>>>>>
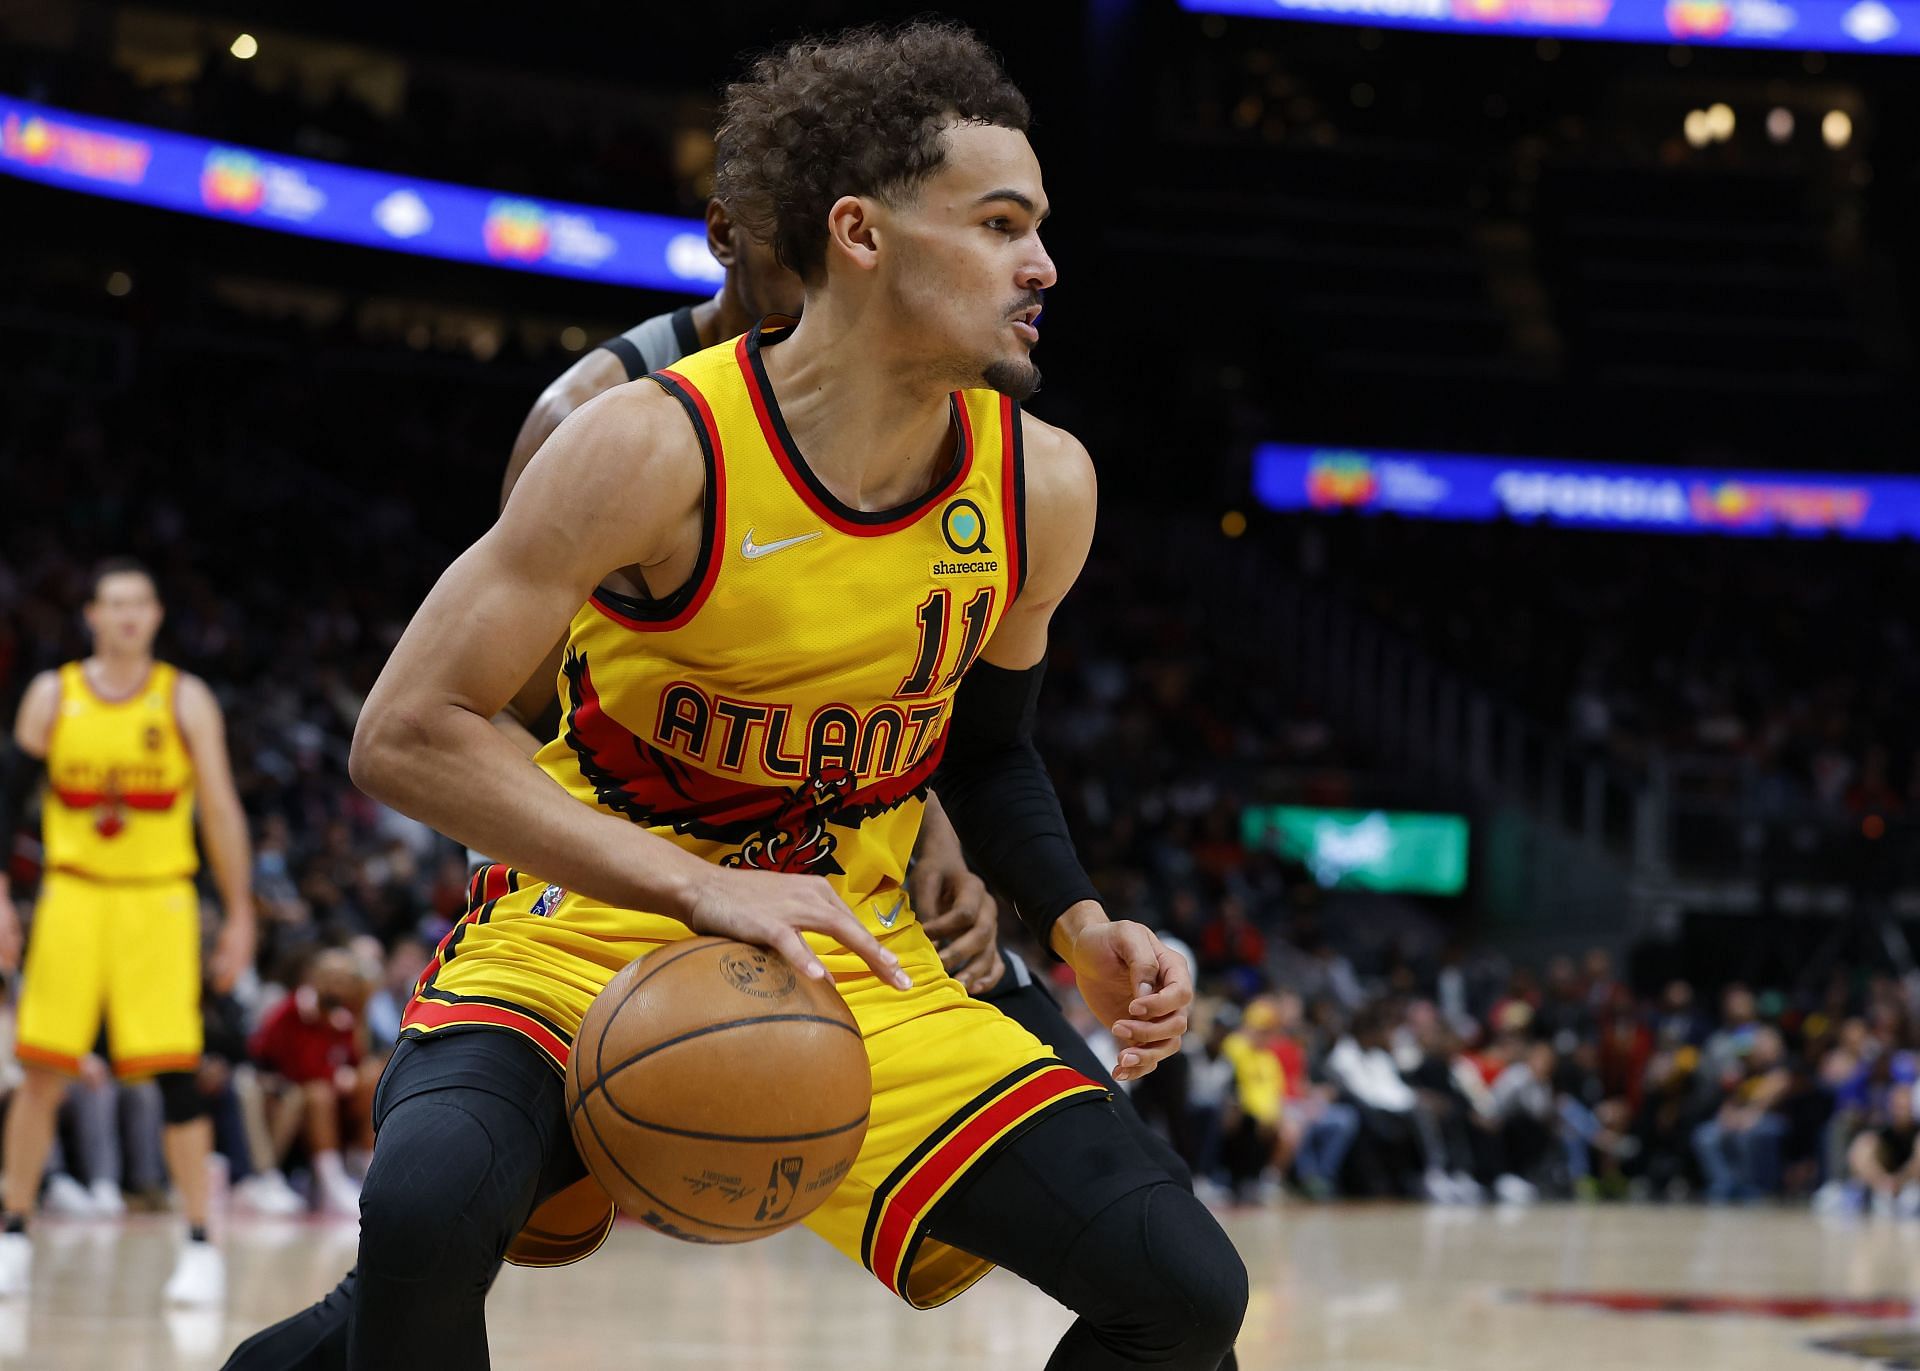 Enter caption Trae Young #11 of the Atlanta Hawks in a game vs. the Brooklyn Nets at State Farm Arena in Atlanta, Georgia.
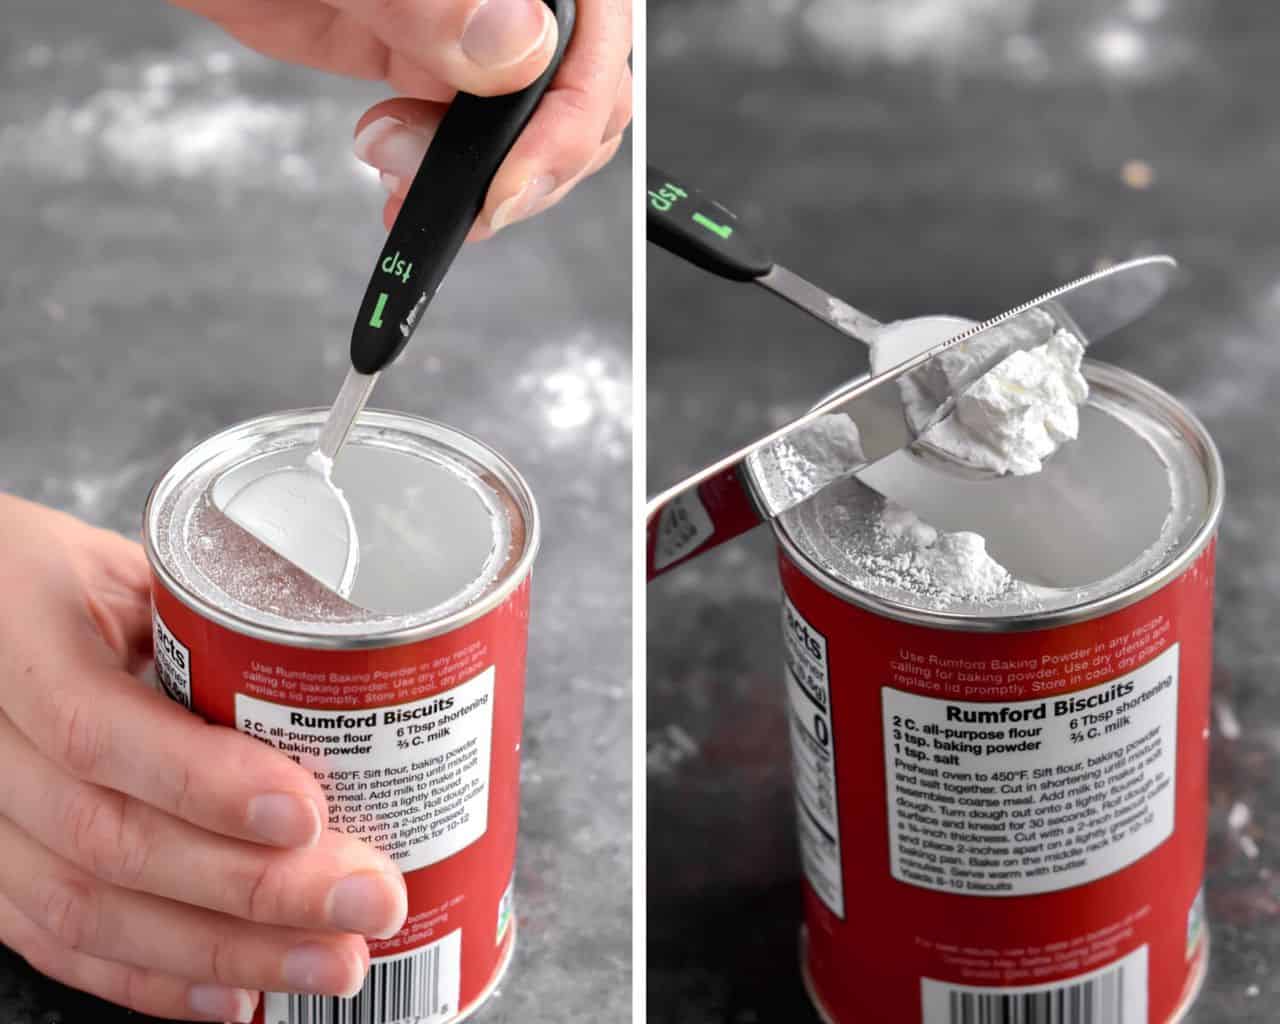 Two photos showing the ways to measure baking powder
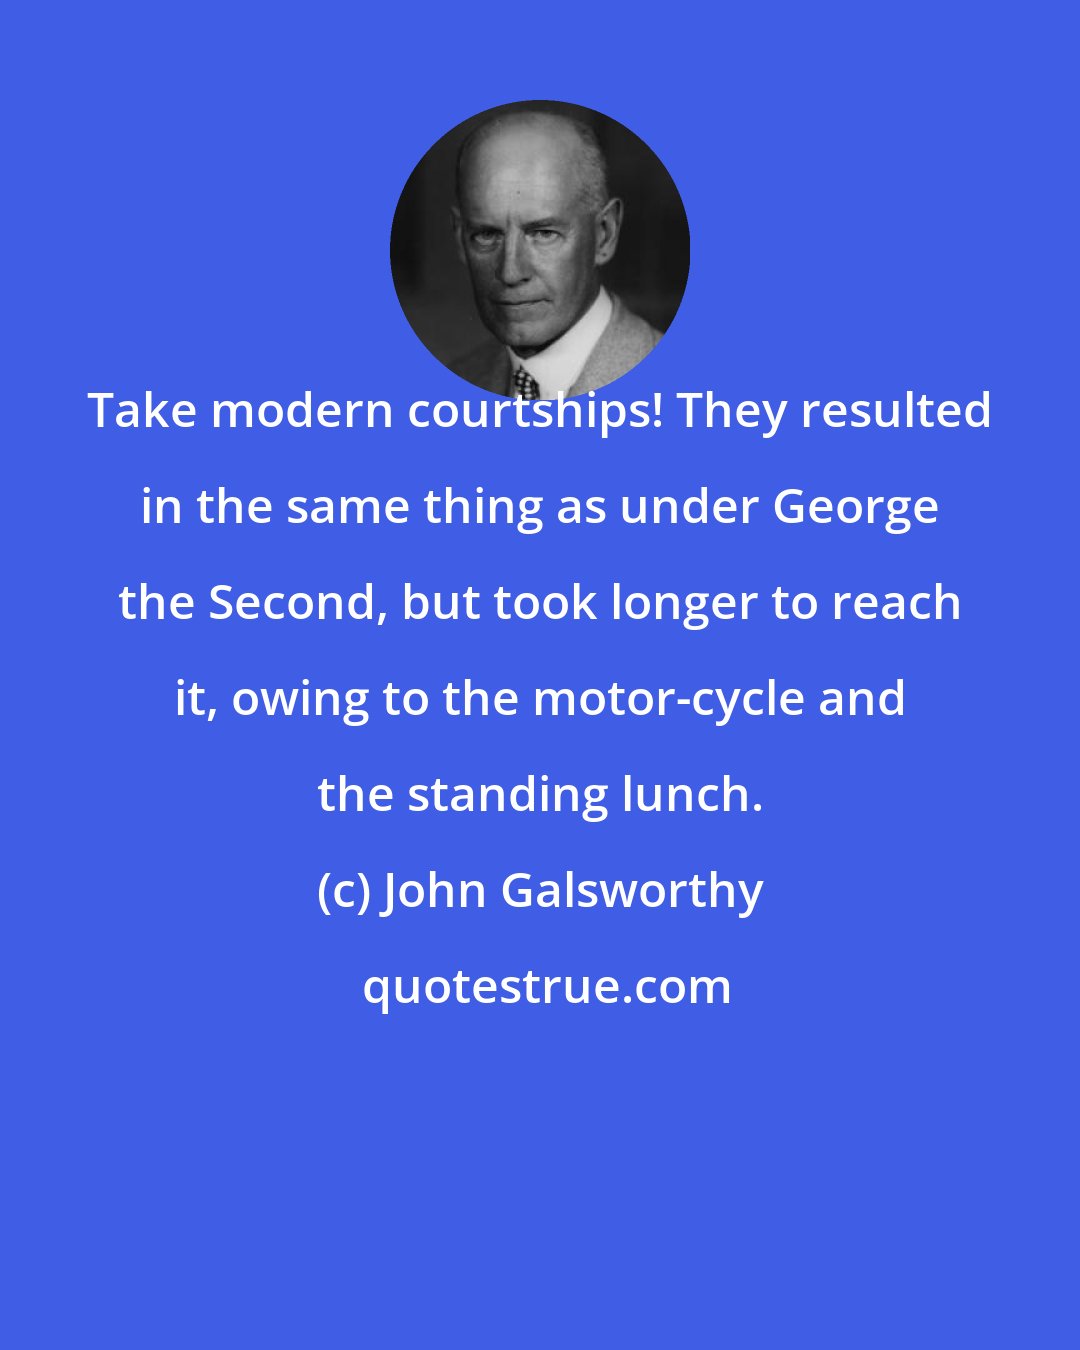 John Galsworthy: Take modern courtships! They resulted in the same thing as under George the Second, but took longer to reach it, owing to the motor-cycle and the standing lunch.
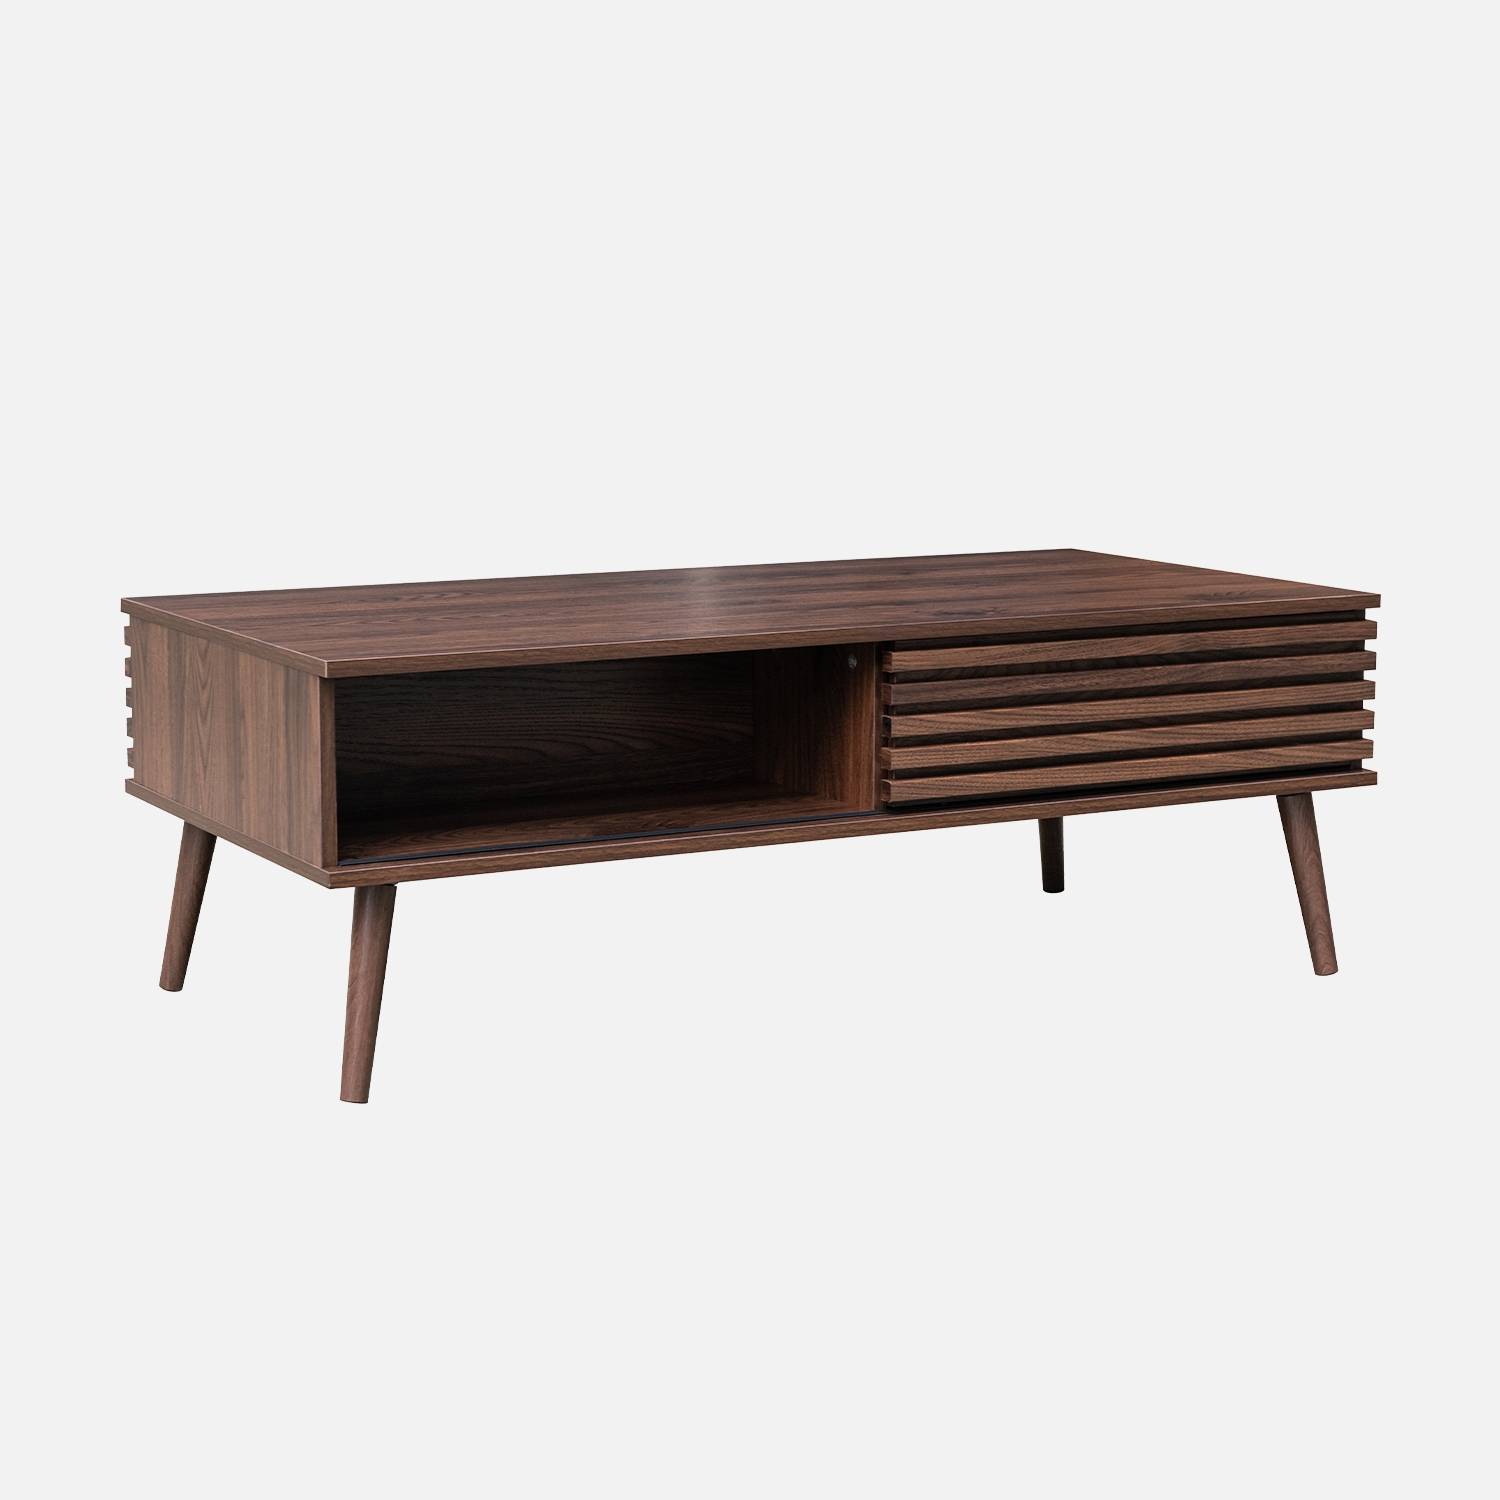 Scandi-style coffee table with wooden grooved effect, Walnut
<<<<<
> **PROBLEM TO SOLVE**
Every line above should be transcribed word for word; leave the pictures out.

> **WRITTEN RESPONSE**
 Enter caption Trae Young #11 of the Atlanta Hawks in a game vs. the Brooklyn Nets at State Farm Arena in Atlanta, Georgia.
 Two photos showing the ways to measure baking powder
 John Galsworthy: Take modern courtships! They resulted in the same thing as under George the Second, but took longer to reach it, owing to the motor-cycle and the standing lunch.
 Scandi-style coffee table with wooden grooved effect, Walnut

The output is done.